Reprinted from the Oil & Gas Inquirer, June 1999, Vol. 11, No. 6 with permission from the author and the publisher, June Warren Publishing Ltd.

What do you think of when you hear the word, "inventor ?" Do you think of grey-haired men with funny accents?

If you do, click delete and re-think. Most innovators today, particularly in the oil patch, create with one side of their brain and calculate market share with the other.

If they have any doubts about market share or other business aspects of developing a new process or instrument, then there are people out there more than willing to help.

"The people who are more successful at it are those who put more weight on the business aspect of an innovation than the pure technical aspect of it," says Dean Wallace, Alberta Research Council’s (ARC) manager of Strategic Planning and Development. "Increasingly, we’re looking as much at their marketing plan as at their innovation."

Sheer numbers of ideas drive some of the business decisions, Wallace says, calculating that out of 10 projects proposed, only one will draw ARC approval. "This is a riskier business than being a batter in baseball," Wallace says.

Even with the current uneasiness in the oil patch, innovation plays a key role – possibly the key role in production and distribution, and Alberta is a hotbed for it.

"The easy fixes are now gone," observes Don Towson, Industrial Technology Adviser with the Industrial Research Assistance Program (IRAP). "The only way the service industry is going to survive is through technology and innovation.

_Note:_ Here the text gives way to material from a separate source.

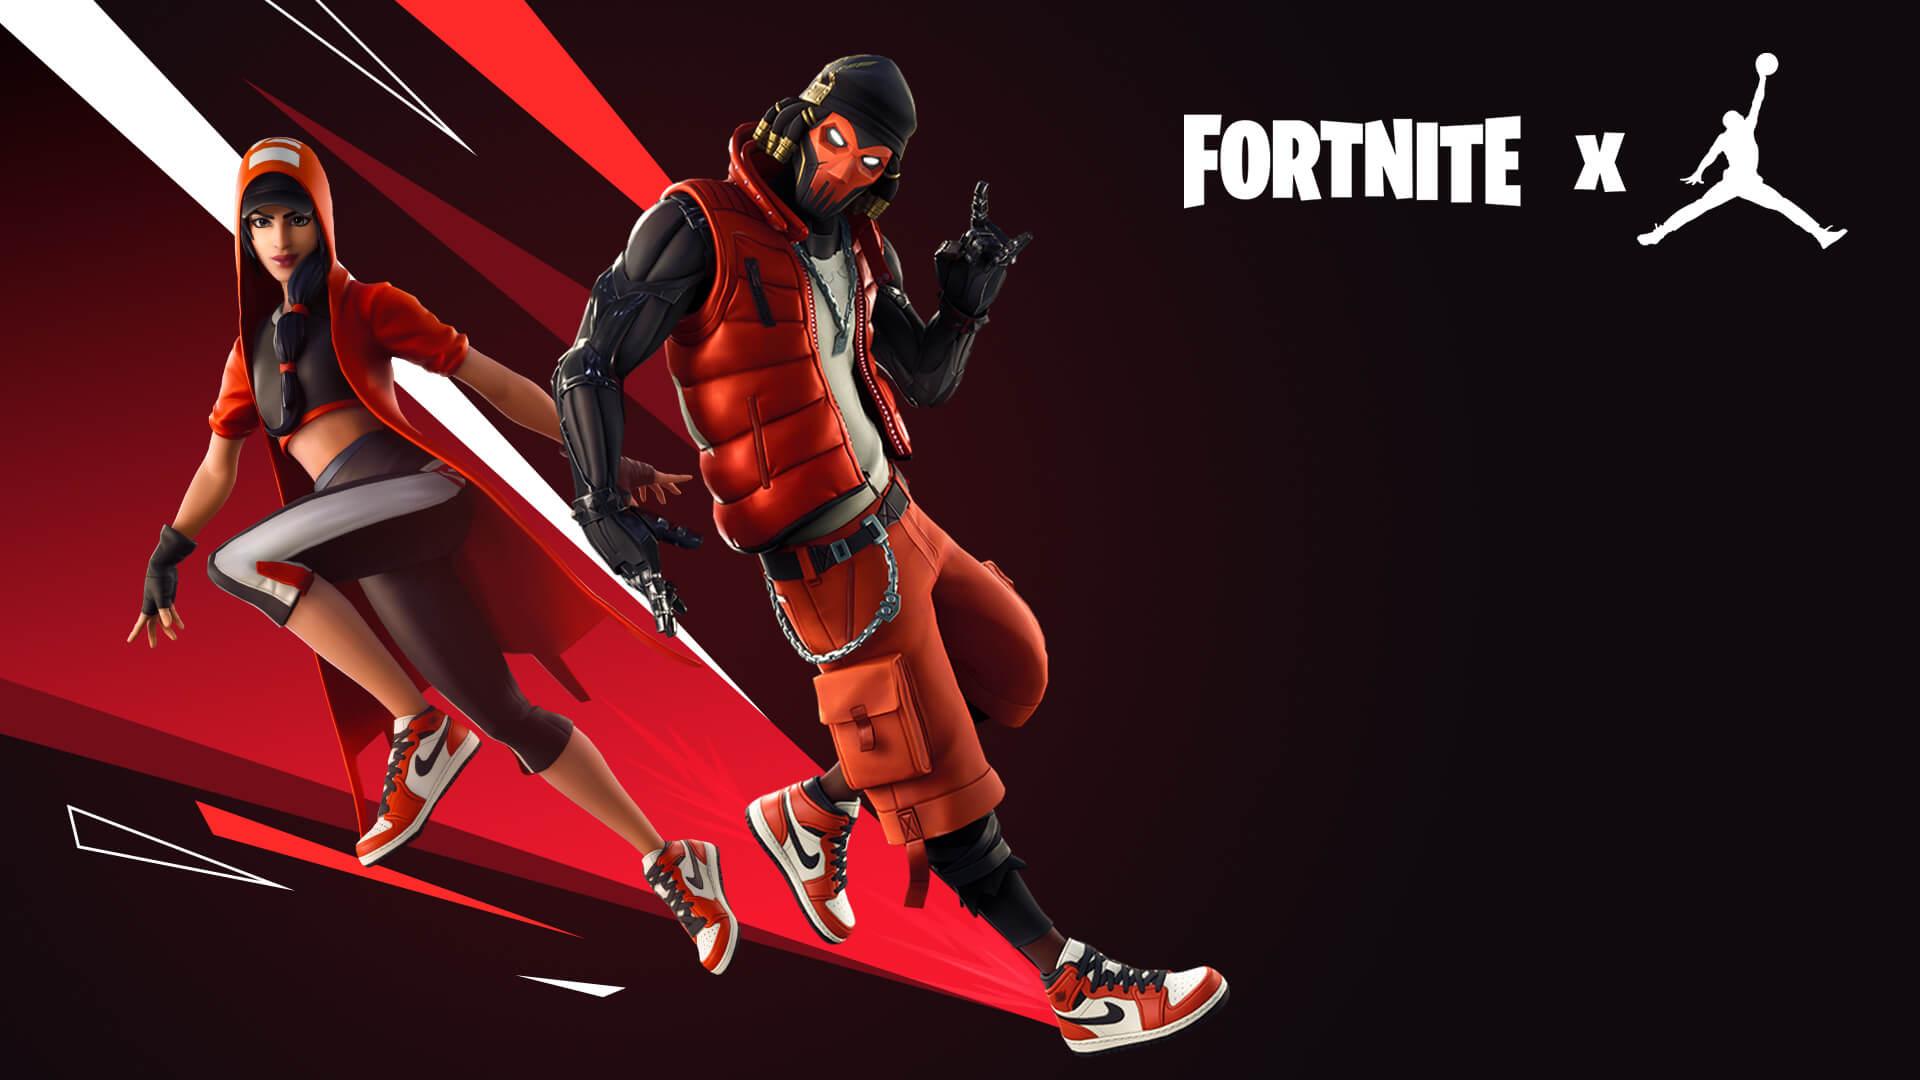 Air Nike Polygon In To Come Partnership Jordans Fortnite VqLSUMGzp

The companies that don’t innovate will just disappear." 

Towson, who works with the Petroleum Services Association of Canada (PSAC), feels current conditions have challenged innovators.

"There’s lots of innovation out there; there’s lots of ideas; the constraint today is funding," Towson adds.

In 1998, he saw 30 companies, with 25 potential innovations and advised on two small projects. "They (companies) were just too busy. Now, they’ve got the time and no money. With the drop in oil prices, money is just drying up."

Don Vernon, industry officer with Industry Canada, mirrors Towson’s concern.

"It’s really a tough sell," he comments on getting large companies to help fund research. The federal government, however, is raising the minimum limits for assistance from $200,000 to $500,000.

"It’s very likely we’ll have more money available for other areas, including oil and gas," Vernon predicts.

For Vernon, innovation drives productivity, and productivity sets the standard of living for the nation. "Clearly, there is more we can do," he says.

On average, Canada falls 20 to 30 per cent below the U.S. in productivity. Canada, however, remains competitive partly due to a low dollar. "If the trend continues, even the low dollar will not be saving us," Vernon says.

Innovation seems to start with a perceived need, then a possible solution. What happens after that can be a tortuous road for the innovator – be it individual or company.

According to Wallace, a significant amount of innovation never makes it to the patent office. It becomes a smart solution to a field-based problem and common practice through word of mouth.

"I think there’s a lot of routine research and development done by companies doing contracts—it comes out of know-how," Wallace observes, stating the amount of engineering in offshore oil and gas development is a particular case in point.

Currently, anything that cuts the cost of production or transportation and anything that assists in satisfying environmental constraints, attracts interest, Towson says. He cites changes in horizontal drilling, and three- and four-dimension measurement of seismic data as two significant advances in the last five years.

The advent of the computer has also bred strong local innovations, such as data combination and storage. "Information technology is very strong in Canada and extremely strong in Calgary," Towson says. "The work is being done by teams, now. The initial contact is often on an engineer-to-engineer basis." 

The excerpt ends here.